I believe that voting represents a participation in violence, since elections are one of the methods used to legitimize the violent state. Although there are other methods of supporting the state, they are not all voluntary. Voting, however, is one thing that you are not yet required to do at the point of a gun, and thus an example of willingly supporting the state. Even participation in a lottery to decide the ruler would still be helping to legitimize the outcome of the lottery, and thereby voluntarily supporting the state.

The state is, at its root, an organization which maintains a monopoly of violence that is considered legitimate inside a certain geographical area. Force is the very reason for the state’s existence, and anyone with state authority is said to magically acquire some moral and legal right to initiate force. It does not matter how those authorities got their position; they are still part of the state. If you help them gain and retain that position, then you are helping legitimize the use of force that defines the state.

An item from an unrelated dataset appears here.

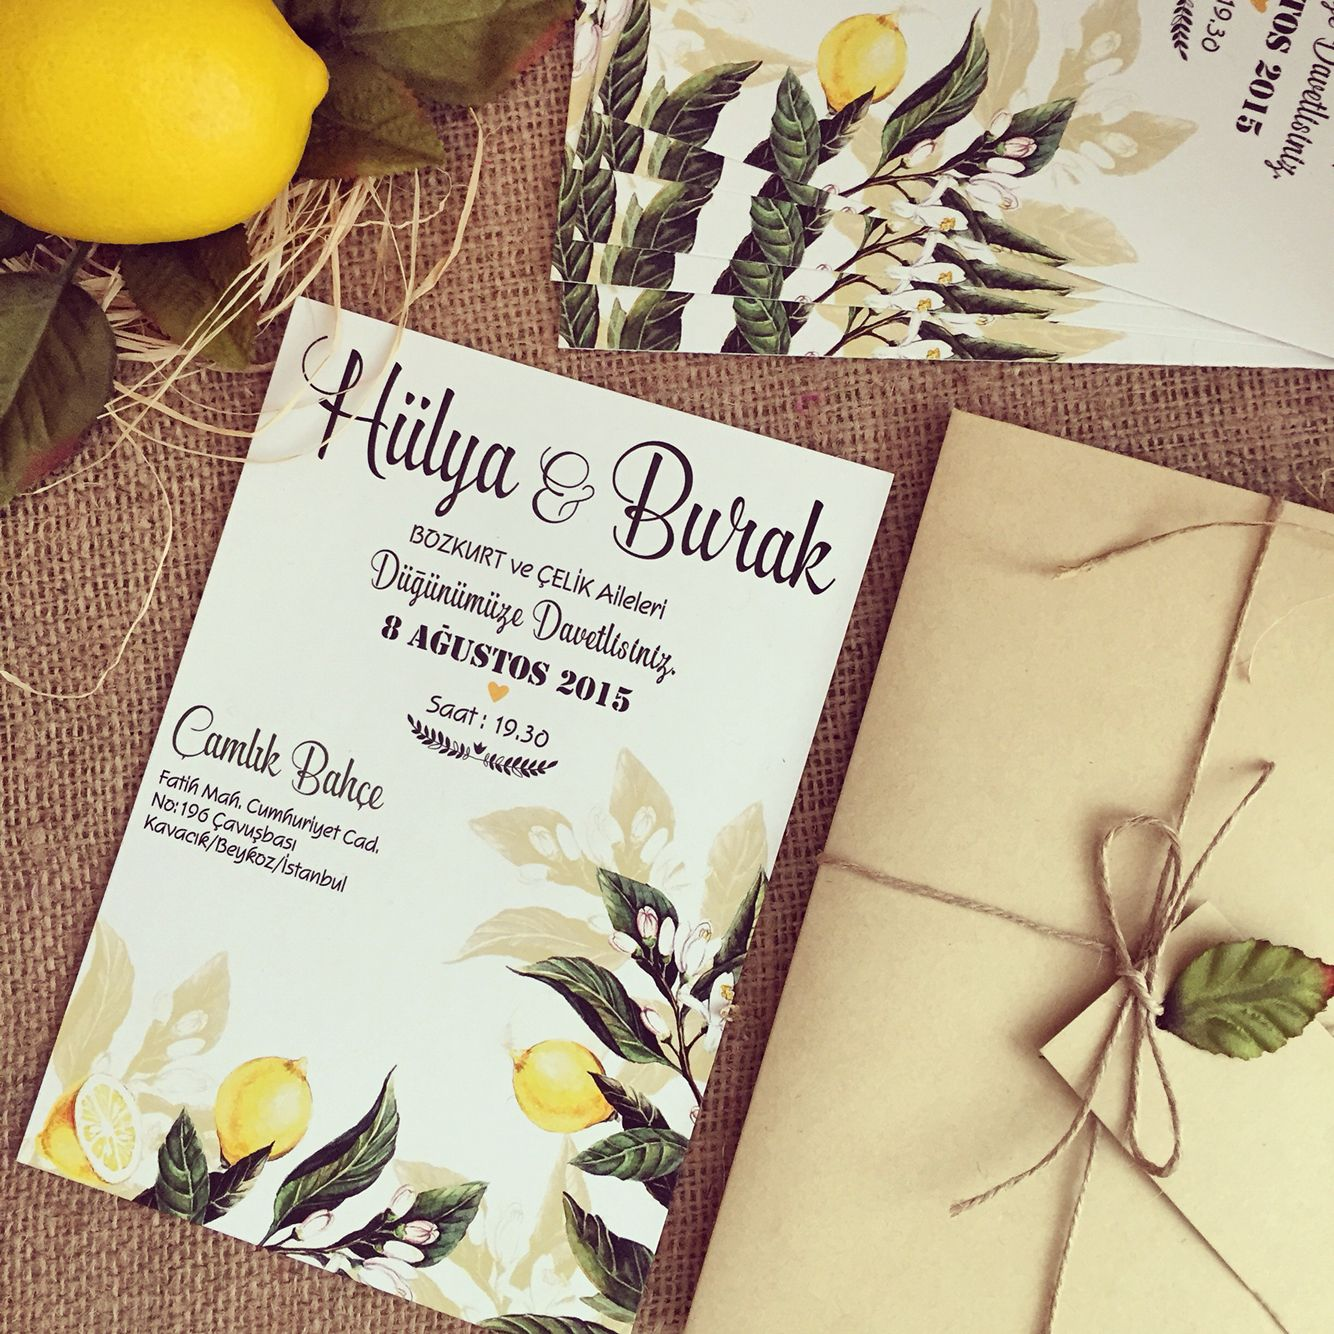 Limon konseptli davetiye / Wedding invitation with lemon www.masalsiatolye.com #masalsiatolye #davetiye #weddinginvitation #limon #lemon

Consider for a moment the president of the American empire, who is said to be the most powerful person in the world. He or she may be an idiot, mentally unstable, or being blackmailed by the NSA, but is still seen as some admirable man with special moral authority. It is the office of the president that gives him or her this status. Why is this?

Government schools teach our children that the president has the legal and moral right to employ the violence apparatus of the state. He may use the military, police, CIA and so on to cause suffering and death. But whatever he does is generally not only not seen as violence, but judged to be “for the greater good.” When the Clinton administration’s sanctions on Iraq killed an estimated 500,000 children, his Secretary of State Madeleine Albright famously said on national TV that this was “worth it.” Why was this horrific crime not even seen as a crime, let alone punished? It was because of the myth of legitimacy of the president and his powers. It is this myth that you willingly help to perpetuate if you vote.

The state and its minions do not magically acquire the right to do things that would be immoral if a private citizen did them. We must extend this idea from the president down to the local cop. We must stop legitimizing the state by word or deed. We must, therefore, not vote.

  • Dean A. S. Hyatt

    Would you extend the premise to political action? Fatal flaw, if everyone stopped voting, this would all still continue with a ‘mandate’ and in fact even that won’t happen! (the few still voting, may even be extremists)

  • Gabrielė Stakaitytė

    How would you vote in a libertarian mini-government (prior to complete abolition, obviously)?

  • https://toplibertarian.com/ Patrick McEwen

    You can’t both believe that the first use of force is inherently illegitimate and that voting legitimizes the use of force by the state. If force is inherently illegitimate, then nothing anyone does can make it legitimate. Perhaps you can make it appear to be more or less legitimate in the eyes of other people, but that’s simply a question of political strategy.